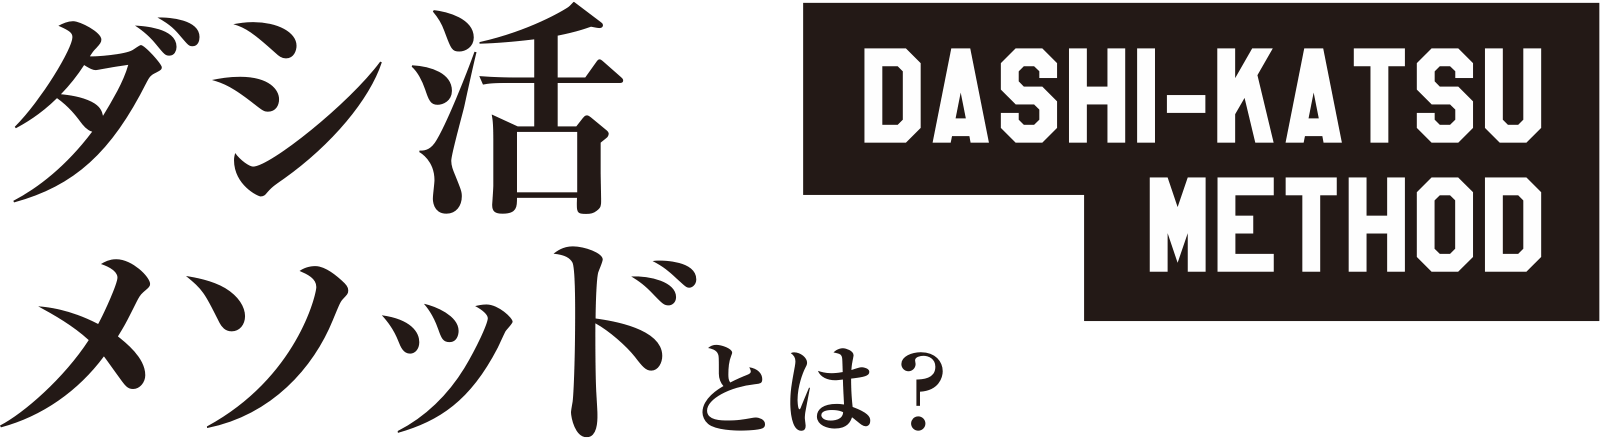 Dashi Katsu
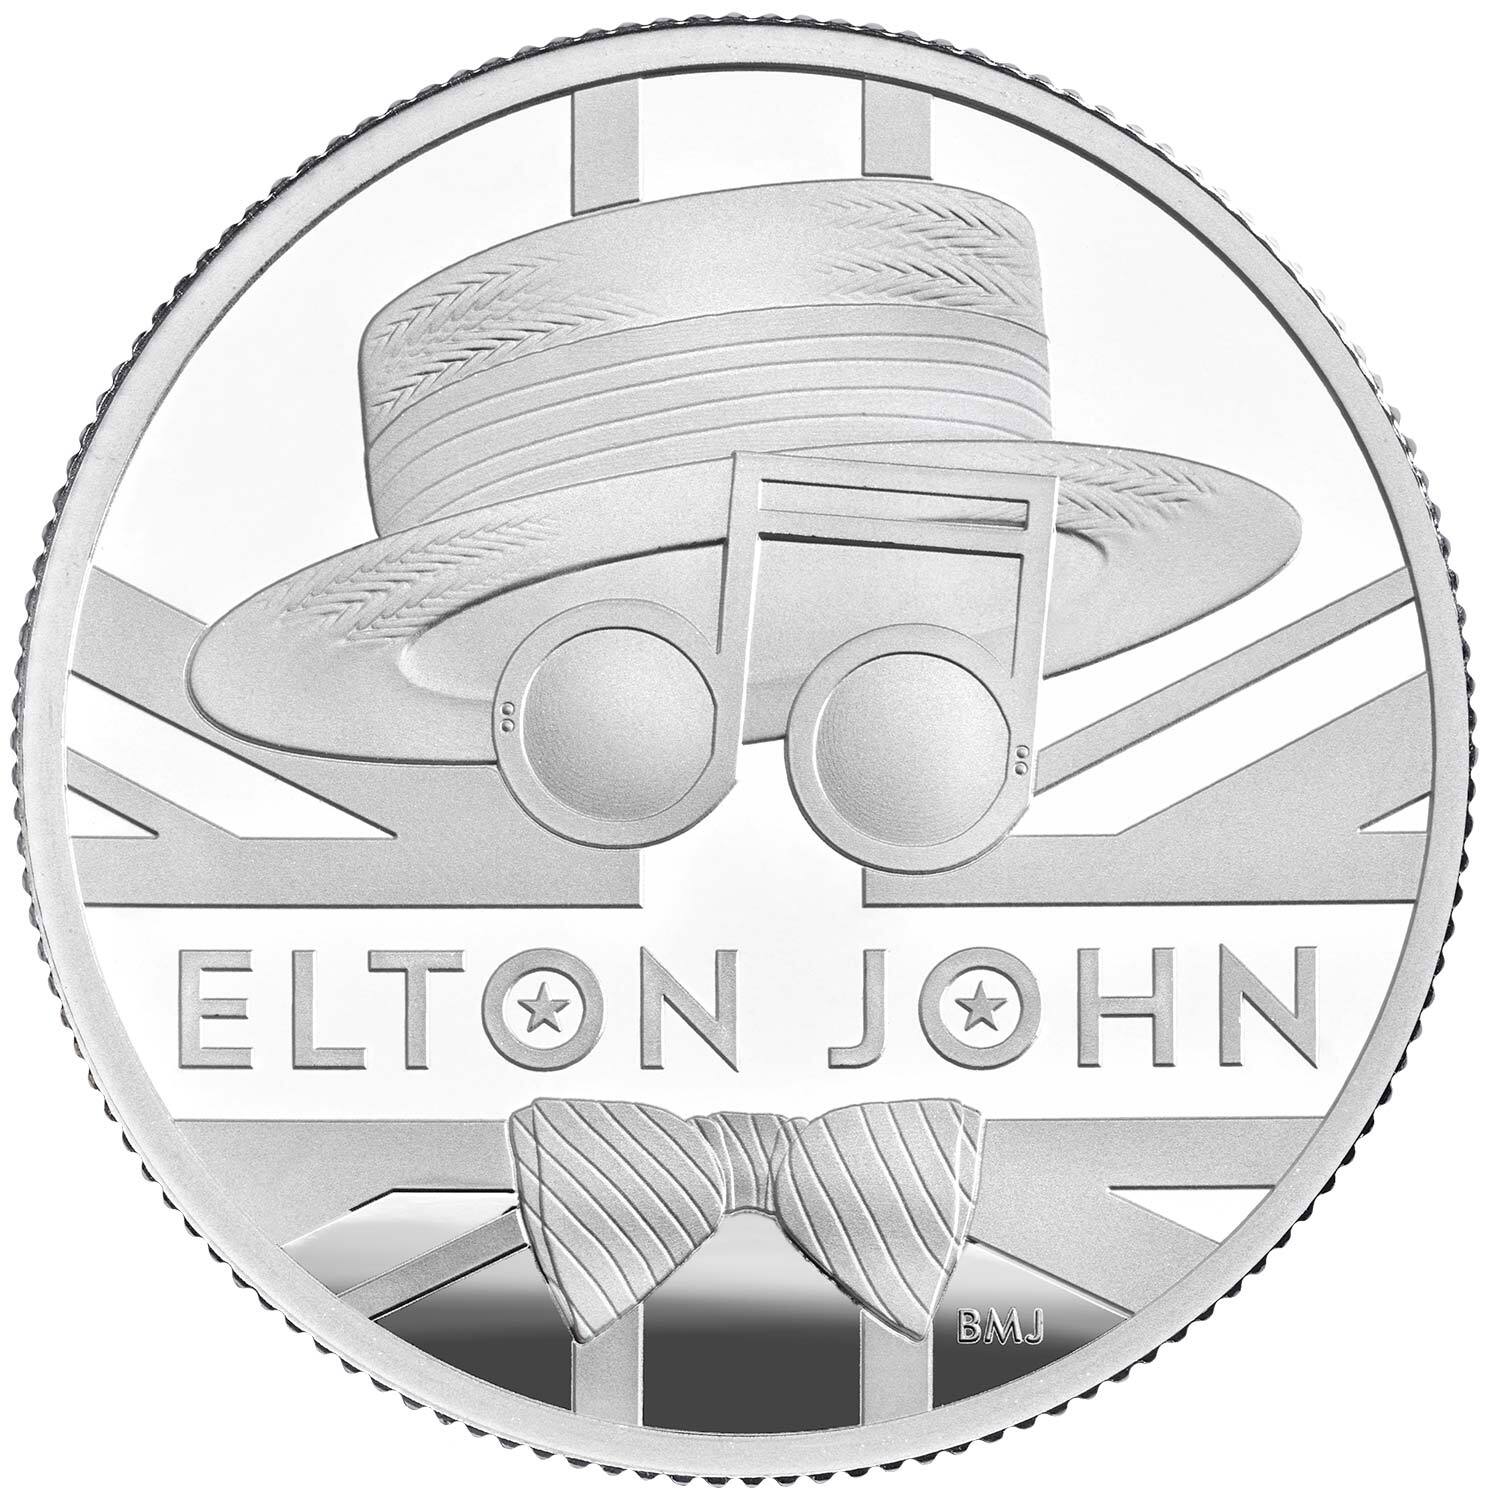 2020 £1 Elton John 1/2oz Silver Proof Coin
--
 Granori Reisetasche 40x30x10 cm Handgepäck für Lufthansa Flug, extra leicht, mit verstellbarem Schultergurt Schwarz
---
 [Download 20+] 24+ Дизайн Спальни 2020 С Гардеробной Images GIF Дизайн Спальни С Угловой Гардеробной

> Task
Leaving every picture aside, reproduce exactly the lines above from the one with "Dashi Katsu" up to and including the one with "2020 £1 Elton John 1/2oz Silver Proof Coin", and no others.

> Finished exercise
 Dashi Katsu
 2020 £1 Elton John 1/2oz Silver Proof Coin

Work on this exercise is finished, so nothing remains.